● ACTION ITEM
Repeat the data exactly, please; no pictures belong in the copy.

● DATASET EXCERPT
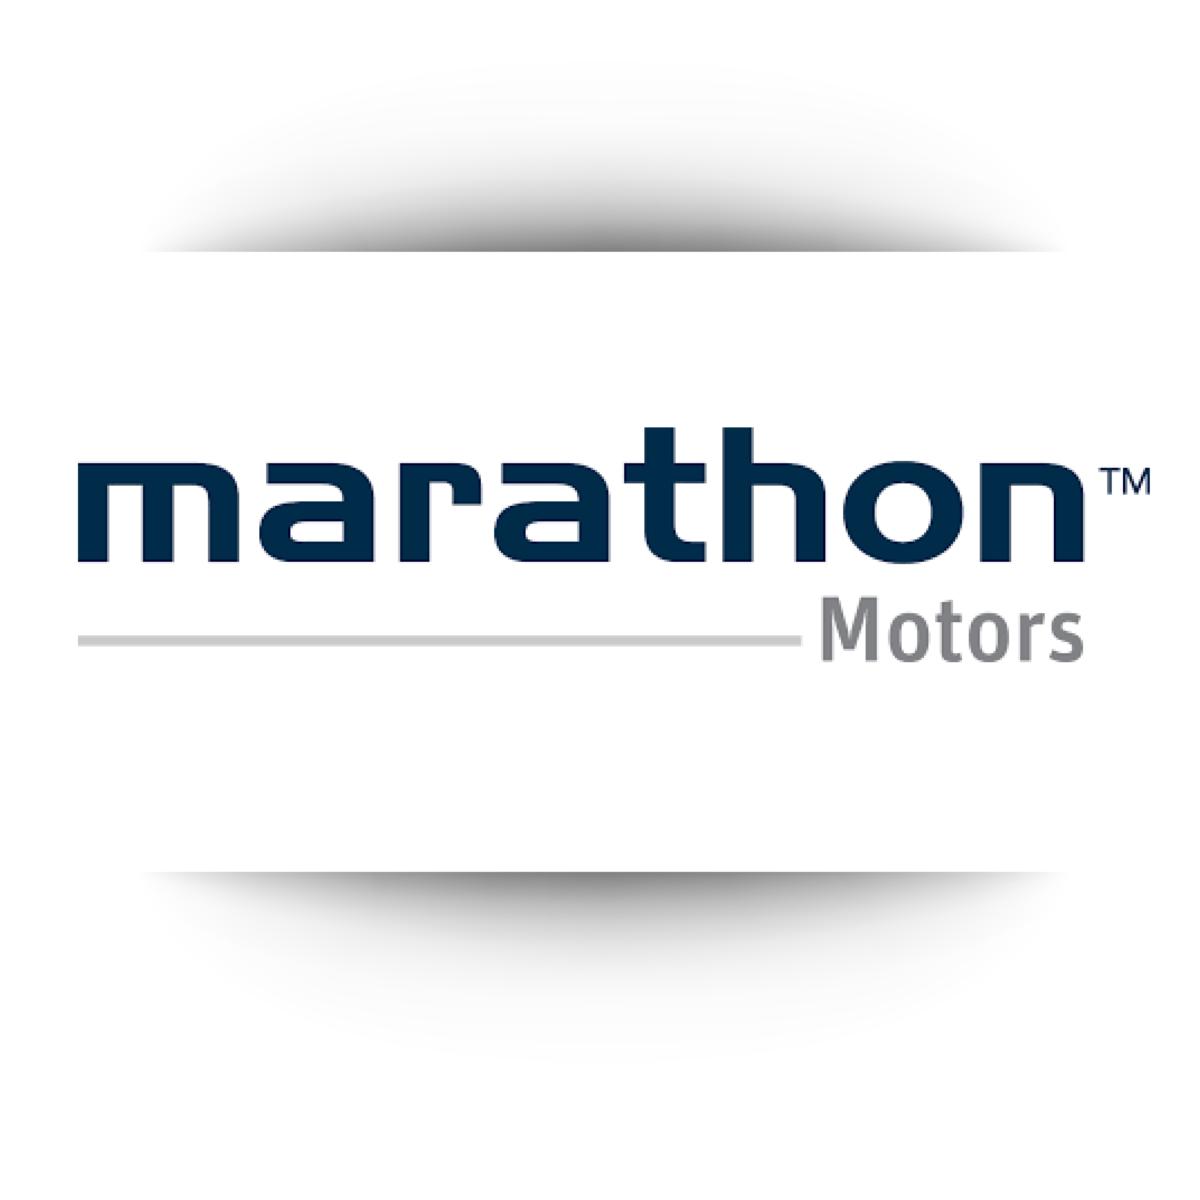 marathon motors logo
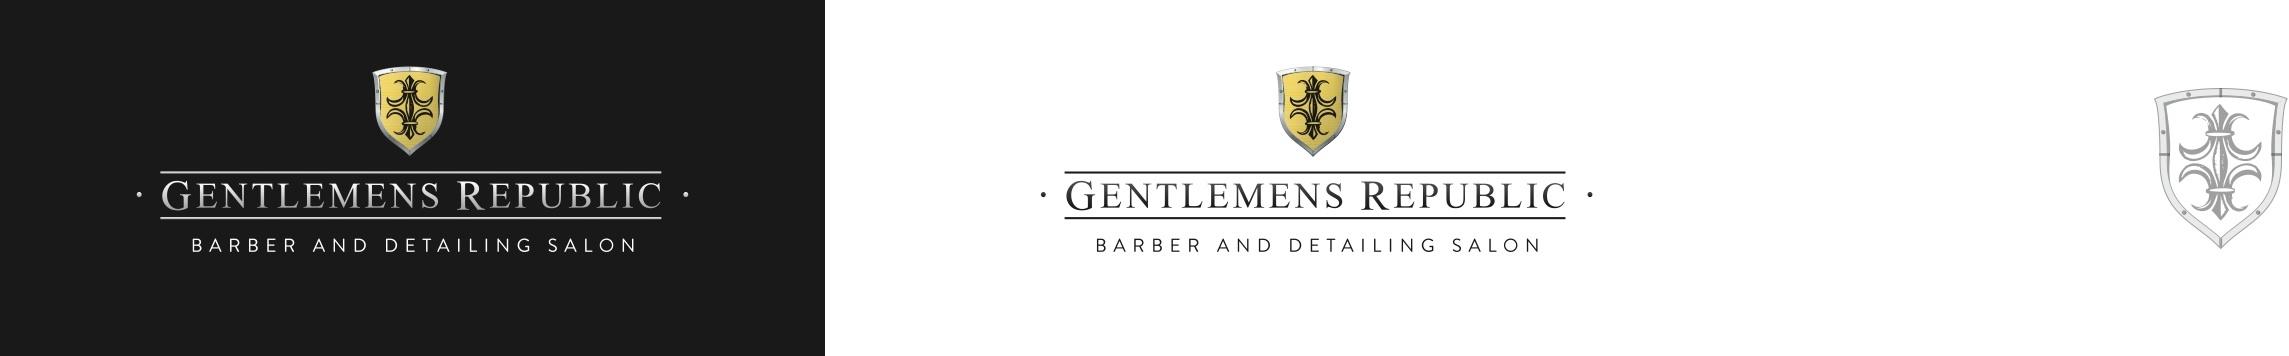 Gentlemens Republic Barber Salon
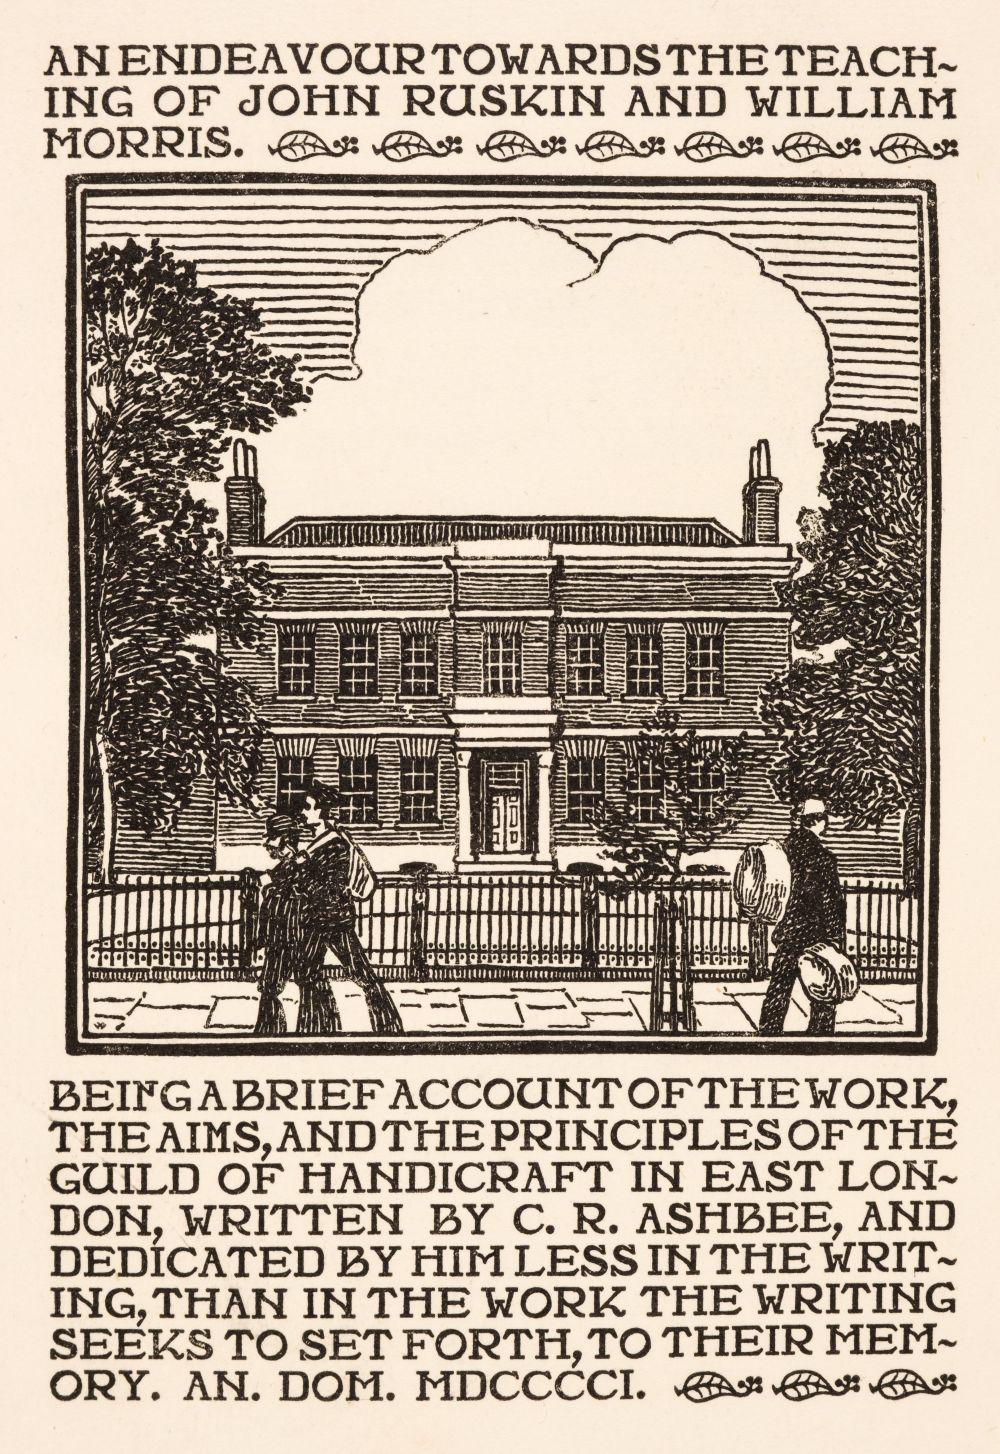 Essex House Press. An Endeavour Towards the Teaching of John Ruskin, 1901

● RESPONSE
 marathon motors logo
 Gentlemens Republic Barber Salon
 Essex House Press. An Endeavour Towards the Teaching of John Ruskin, 1901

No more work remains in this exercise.